Step 3c - Telling tshark how to Present the Data
You can tell tshark how to format the data using the -T option, but you want to output fields that can be filtered. In your case, you’ll want to use -T fields, to be able to pick specific fields to view. Understand, though, that you need to explicitly specify the fields in this case, using the option -e. To see the possible fields you can filter for, use tshark -G fields and grep for pgsql. This command will give you a long, detailed description of the recognized fields and their respective formats. The one we want is pgsql.query, so we need to add -e pgsql.query to the command line.
The final command:
tshark -i lo -f 'tcp dst port 6432' -O PGSQL -d 'tcp.port==6432,pgsql' -T fields -e pgsql.query
Running the above will now output the exact SQL queries being sent from our app to PgBouncer:
SELECT "devices".* FROM "devices" WHERE "devices"."hw_code" = '46260748-d85e-4d77-ab61-9256e4876122' ORDER BY "devices"."id" ASC LIMIT 1 /* 10f35748-137b-4aae-bf5f-9108be4ddf9c */ BEGIN /* 10f35748-137b-4aae-bf5f-9108be4ddf9c */ INSERT INTO "devices" ("hw_code", "created_at", "updated_at") VALUES ('5e225af4-8d0f-420a-b533-32b47b1f0ea8', '2018-09-10 08:21:30.200392', '2018-09-10 08:21:3 0.200392') RETURNING "id" /* 10f35748-137b-4aae-bf5f-9108be4ddf9c */ COMMIT /* 10f35748-137b-4aae-bf5f-9108be4ddf9c */ SELECT "clients".* FROM "clients" WHERE "clients"."device_id" = 'e982b218-9b52-478c-a253-66833975effe' AND "clients"."session_identifier" = 'be91b493-b41a-4dc f-adc4-c458f5910065' AND "clients"."master_id" IS NULL ORDER BY "clients"."id" ASC LIMIT 1 /* 10f35748-137b-4aae-bf5f-9108be4ddf9c */ BEGIN /* 10f35748-137b-4aae-bf5f-9108be4ddf9c */ INSERT INTO "clients" ("device_id", "created_at", "updated_at", "session_identifier") VALUES ('5b0019c8-1328-45d8-a17d-137f07ef8839', '2018-09-10 08:21:30.2074 85', '2018-09-10 08:21:30.207485', '0e683b6e-67ec-4316-8714-7fe3edfacb19') RETURNING "id" /* 10f35748-137b-4aae-bf5f-9108be4ddf9c */ COMMIT /* 10f35748-137b-4aae-bf5f-9108be4ddf9c */ SELECT "assignments".* FROM "assignments" WHERE "assignments"."device_id" = 'c0250684-24f0-4878-8f28-35158a0fc310' /* 10f35748-137b-4aae-bf5f-9108be4ddf9c */
In the above output, you can see that the C-style comments are present on the way from our client to PgBouncer. In our real issue, they were not - thus, narrowing down the culprit to our client.
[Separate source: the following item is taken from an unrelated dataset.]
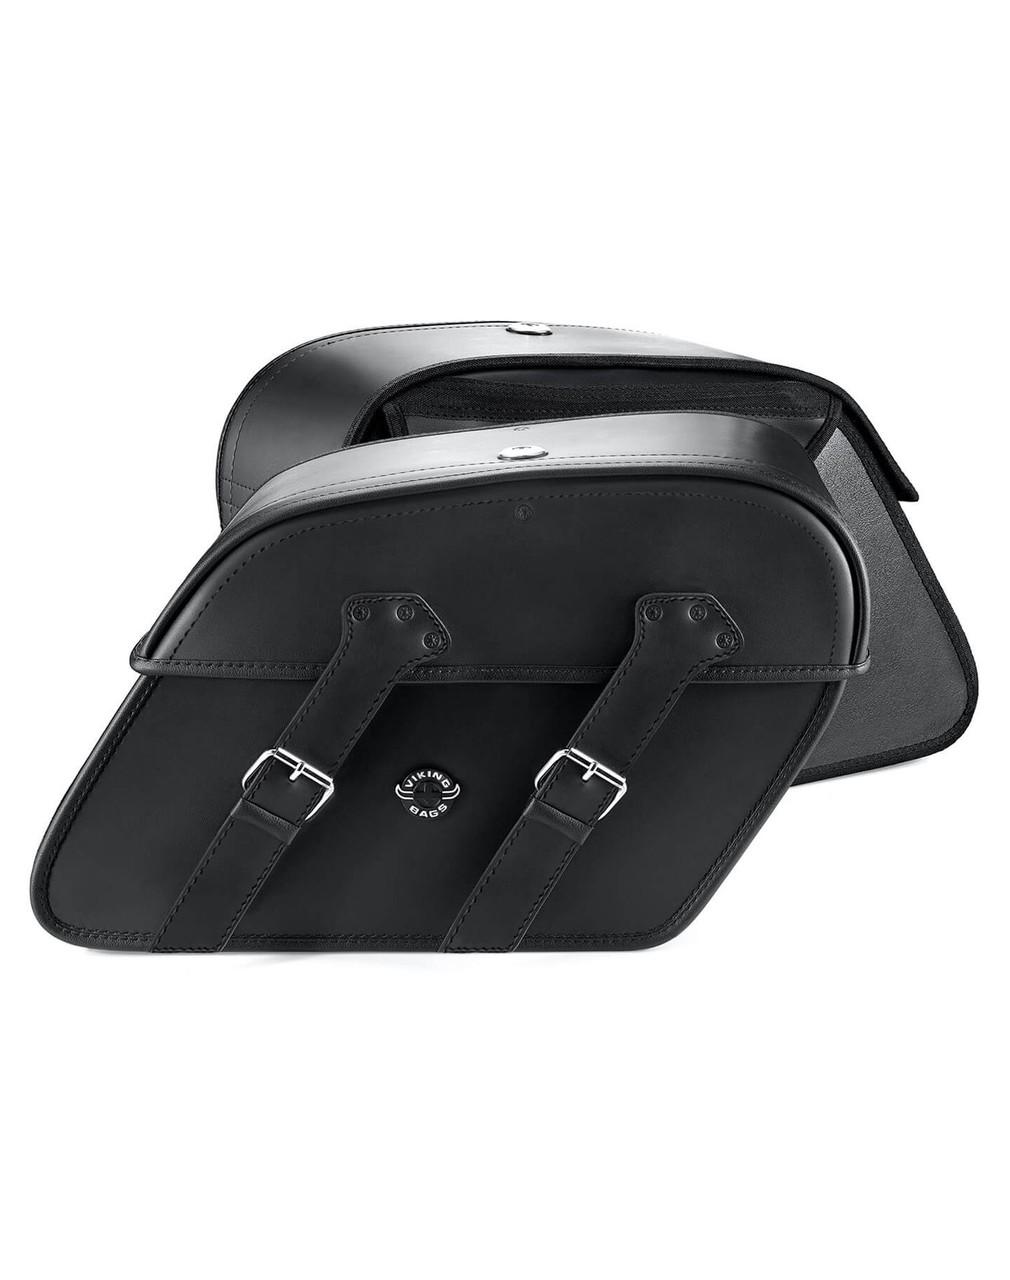 Honda 600 Shadow VLX Viking Raven Medium Leather Motorcycle Saddlebags both bags view

Bonus Round - Back to the GUI!
Random proprietary OS user: “But I looove my GUIs! Why can’t I just use Wireshark?”
Well, it turns out you can. Just have tshark (which provides dumpcap) installed on your container, and then run this locally:
wireshark -k -i <(docker exec <CONTAINER_NAME> dumpcap -i lo -P -w - -f 'tcp dst port 6432')
The above runs dumpcap on the container you specify, having it write to standard output. This output is then piped to Wireshark on your local machine, and from there it’s just like a local capture - you can use all the cool features of Wireshark just like if you’d been capturing local traffic.